WAKEFIELD, Massachusetts -- ESAI Energy forecasts growth from the Canadian oil sands will be a substantial 250,000 bpd in 2018, but as producers face challenges associated with relatively high costs in a recovering oil price environment, oil sands projects in the next few years will be leaner and smaller. In the recent issue of ESAI Energy’s North America Watch, the firm projects that growth from the region will decelerate to 120,000 bpd in 2019.

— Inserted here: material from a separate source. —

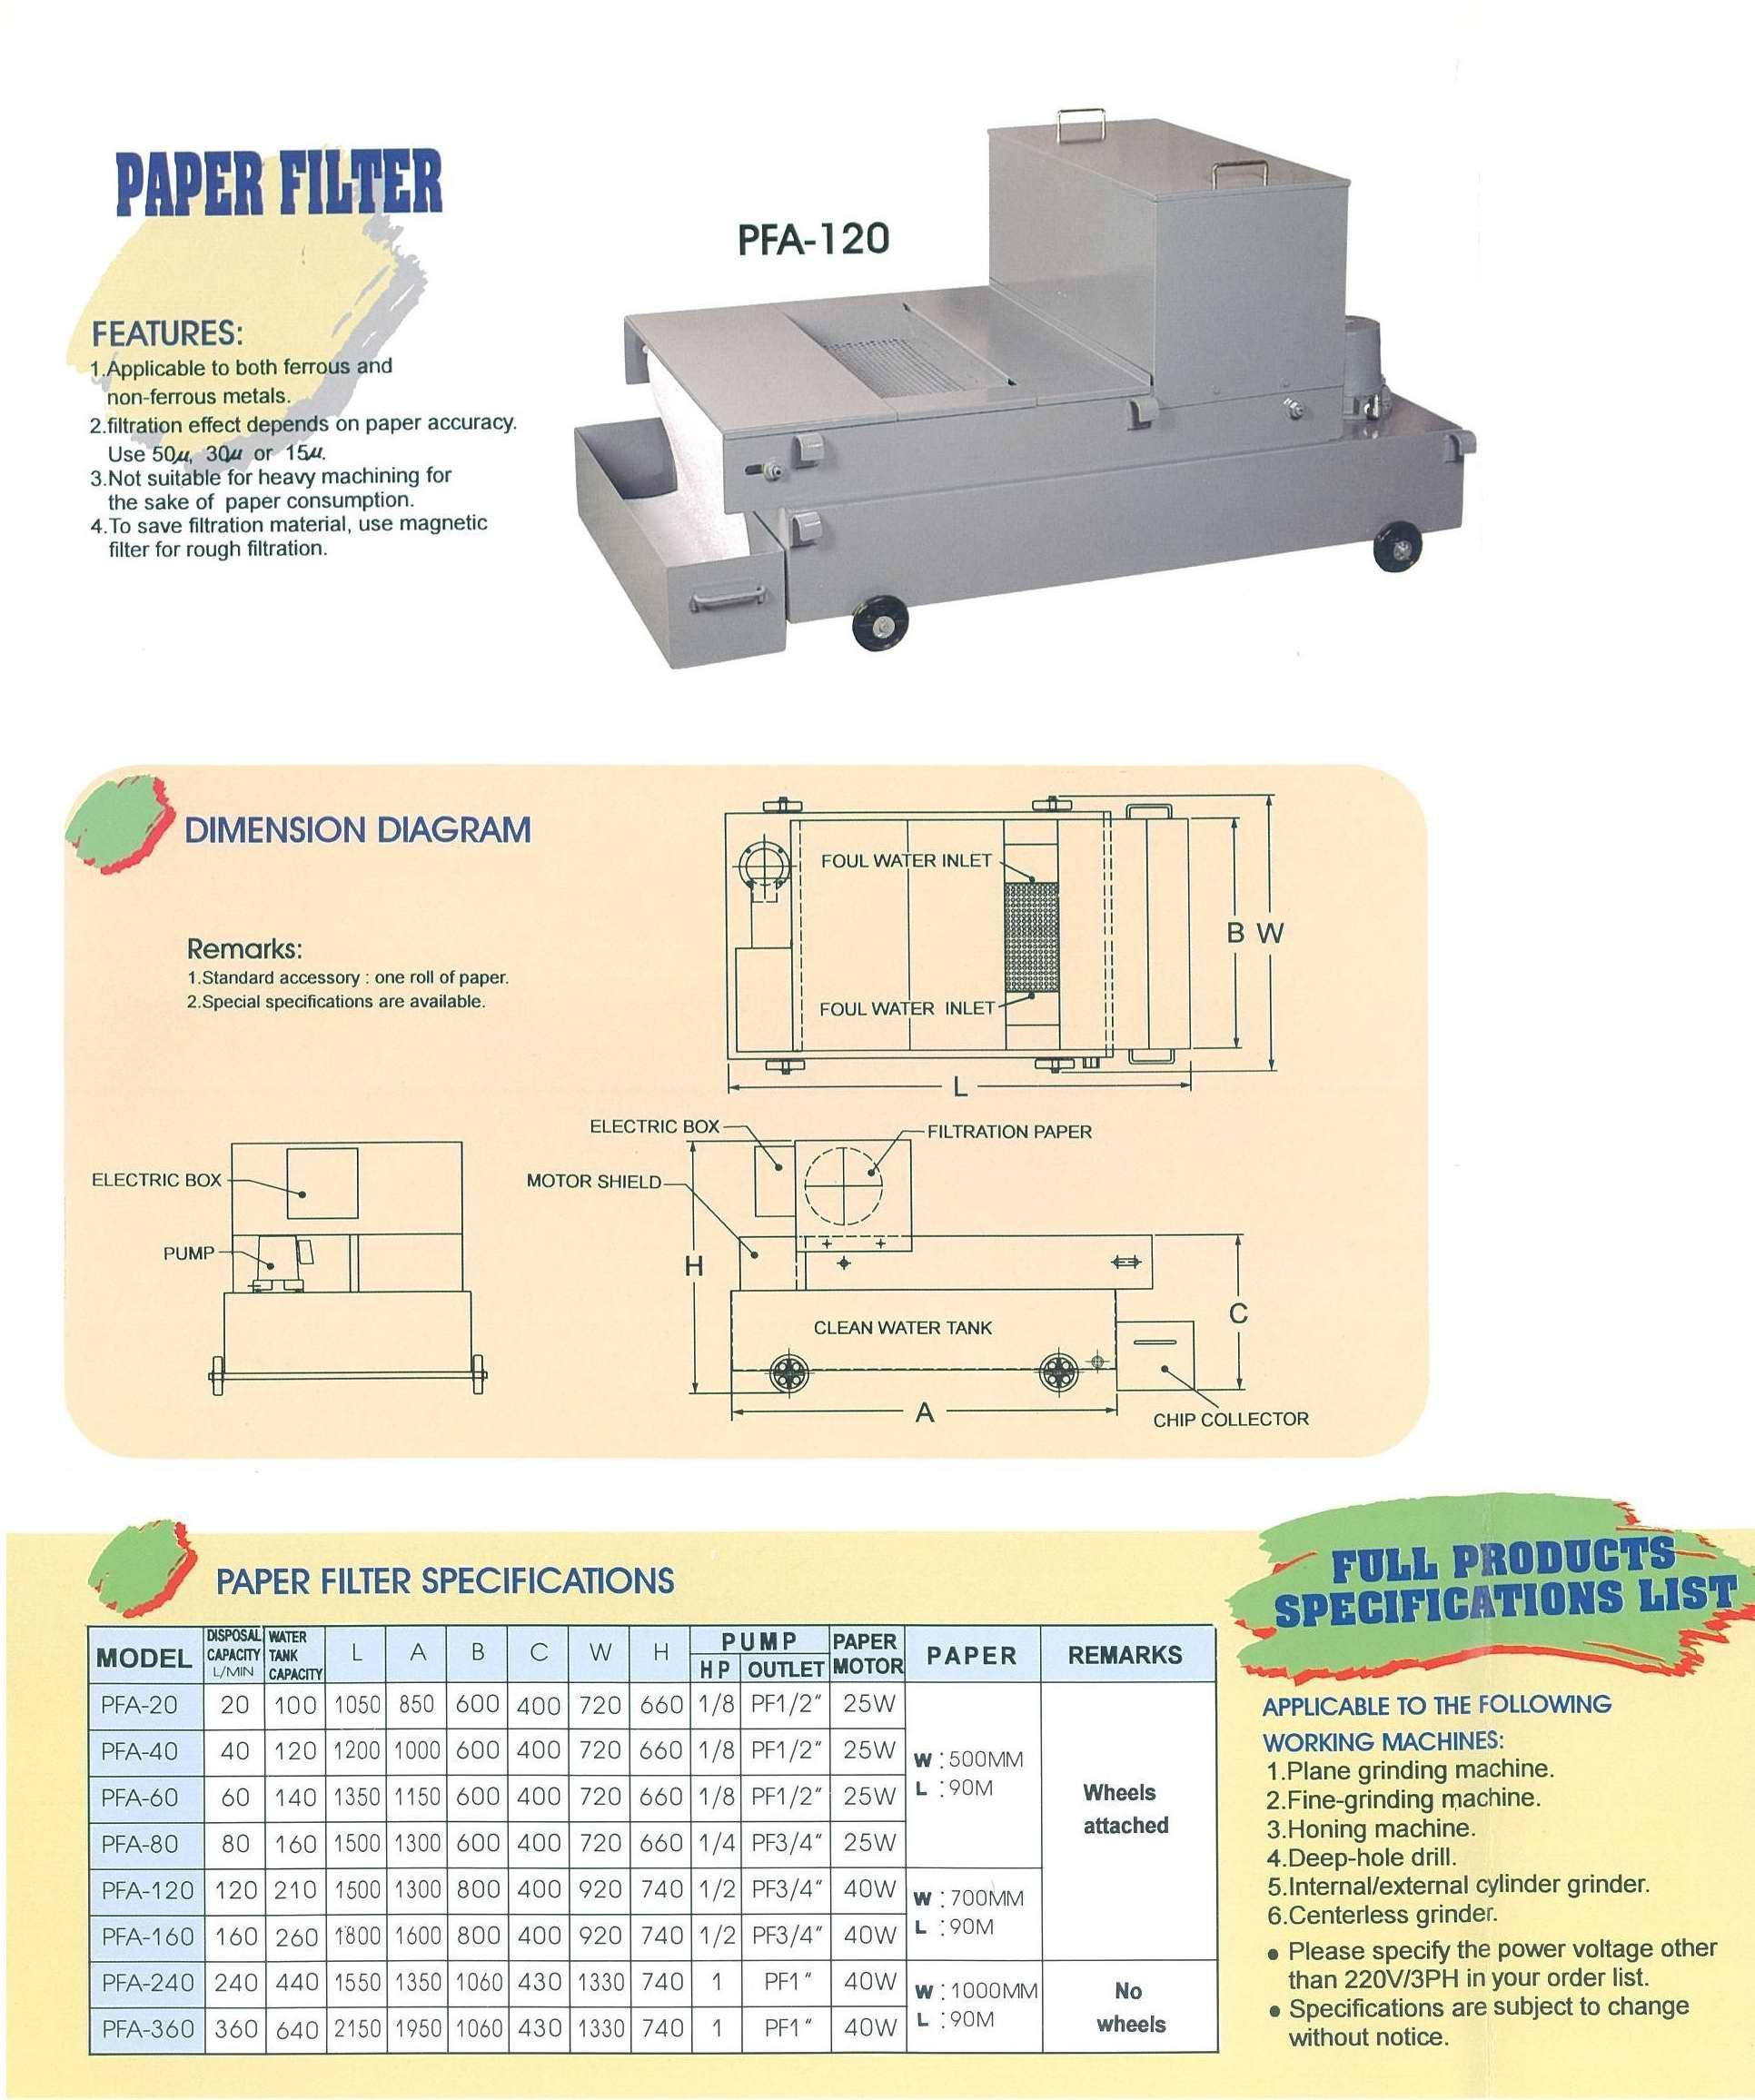 Taiwan Pepar Bed Filter, Paper Filter, Grinding Machine

ESAI Energy says that with oil prices recovering, but still below $60 for WTI, producers in the Canadian Oil Sands are being selective in their allocation of capital to growth projects. The 190,000 bpd Fort Hills mine, due by the end of the year, might be the last greenfield mining project in the oil sands for a number of years. Operators are experimenting with solvents and new processes that have the potential to reduce both costs and emissions, but new greenfield projects are unlikely to go forward until after 2020. ESAI Energy expects incremental growth will continue from expansions to existing SAGD projects that require less initial outlay of capital and that can come online in less time.

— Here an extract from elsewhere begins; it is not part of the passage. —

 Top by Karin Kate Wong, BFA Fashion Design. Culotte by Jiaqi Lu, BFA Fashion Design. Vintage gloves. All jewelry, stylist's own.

Pipeline capacity to accommodate production growth is also proving to be elusive as lengthy regulatory reviews and court challenges delay projects. Current takeaway capacity for surplus Canadian crude remains constrained until the Line 67 expansion comes online in late 2018, and provides some temporary relief. ESAI Energy’s Elisabeth Murphy explains, however, that “Even with decelerating growth in 2019, additional capacity beyond the Line 67 expansion will be needed to accommodate production growth after 2019."